Agencies and private companies can use a variety of technical and policy approaches, possibly in combination, to achieve disclosure risk/usefulness trade-offs that are acceptable to various stakeholders. Confronted with myriad options, how can an entity arrive at an ideal approach?
Answers to this question are necessarily context specific. However, some decision points are common to many data dissemination scenarios.

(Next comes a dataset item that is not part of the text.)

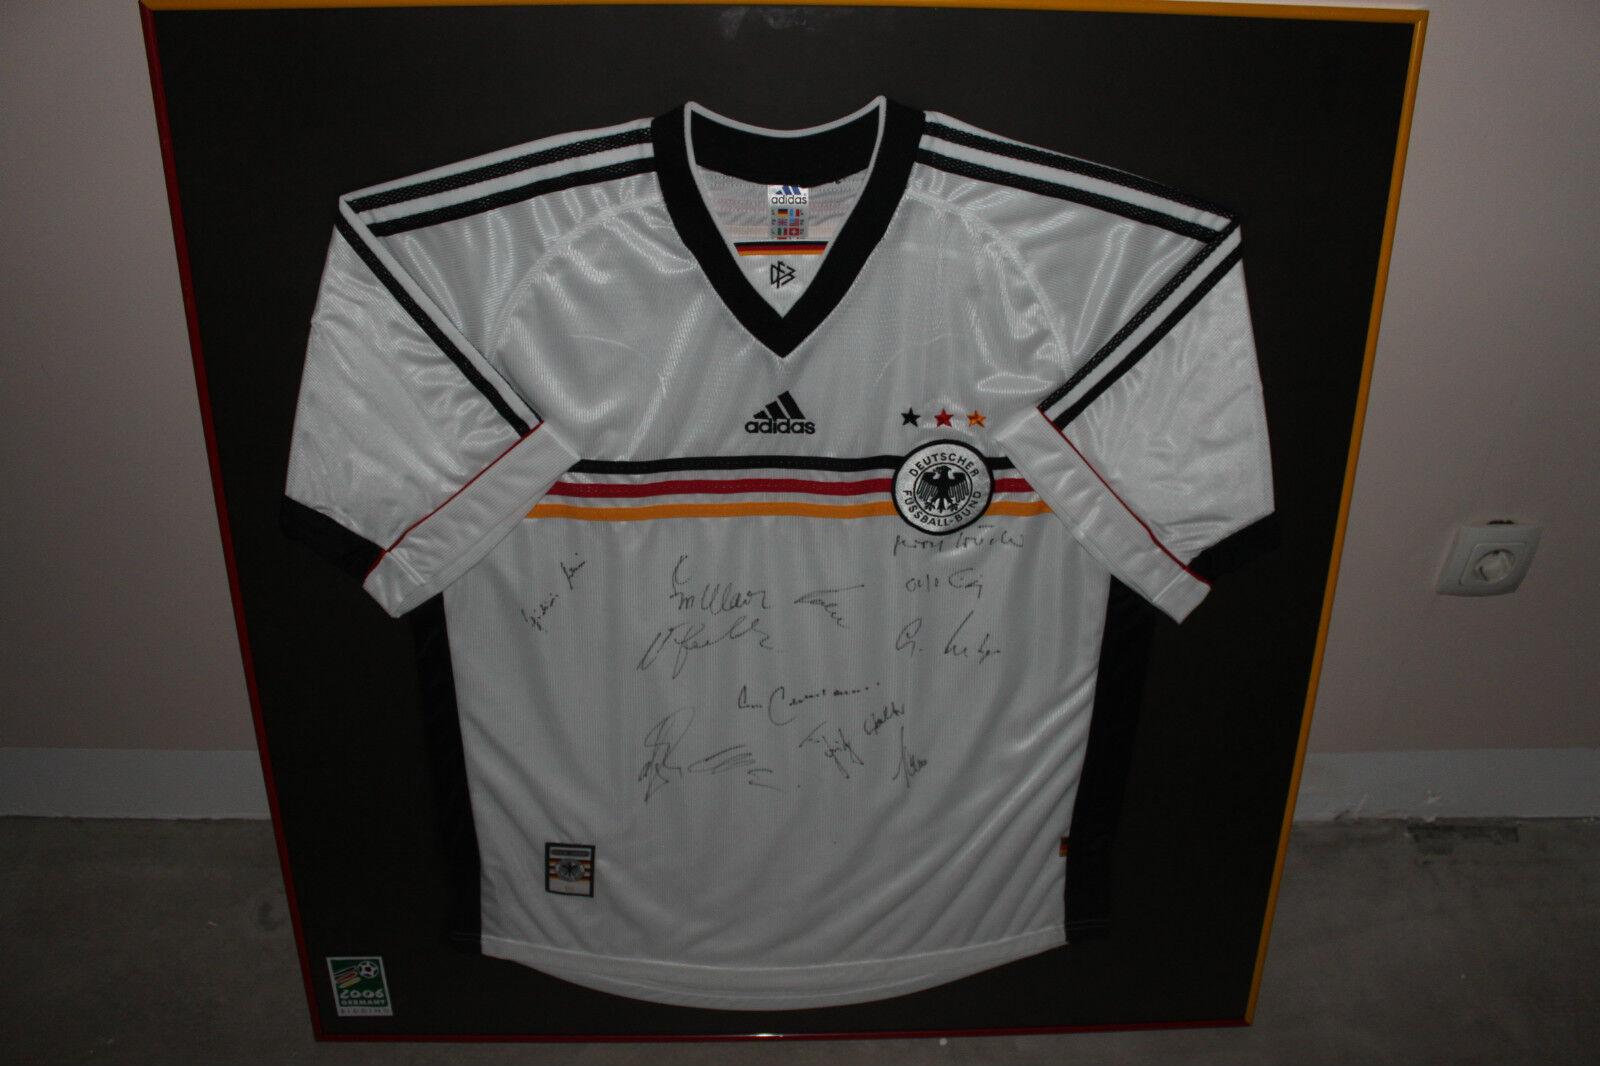 Sponsorentrikot WM 2006 für Verbände National und International mit Rahmen

In the interior cells, “Access” refers to approaches that could be particularly effective for managing disclosure risk/usefulness trade-offs. “RD” refers to restricted data, which includes policy approaches like secure data enclaves, licensing and other data-use agreements, penalties and incentives for responsible use, and query auditing. “DL” refers to disclosure limitation, which includes techniques like formal privacy, secure multiparty computation, and synthetic data approaches. “Tiers” refers to tiered access, which may include validation/verification of results from redacted data and access to confidential data under policy restrictions. “Privacy” refers to a general characterization of the desired privacy protections/guarantees on blended data products.
8.3.1 Current statistical data privacy workflow
The current standard workflow for statistical data privacy applications includes three main components: (1) data, (2) privacy practitioner(s), and (3) decisionmaker(s). At the start, privacy practitioners review the data (at the least the data schema2) and talk with the decisionmakers. From there, the privacy practitioners determine the privacy loss and utility framework of definitions, with possible input from the data and the decisionmakers. Decisionmakers then choose the threshold levels of privacy loss and utility, which depend on the legal or societal context and any practical constraints.
From here, the privacy practitioner selects the statistical data privacy method that meets the desired privacy loss and utility definitions and thresholds. This decision may also use information from the data. Finally, after all the prior decisions are made, the privacy practitioner implements the statistical data privacy method on the data. In some instances, feedback loops exist.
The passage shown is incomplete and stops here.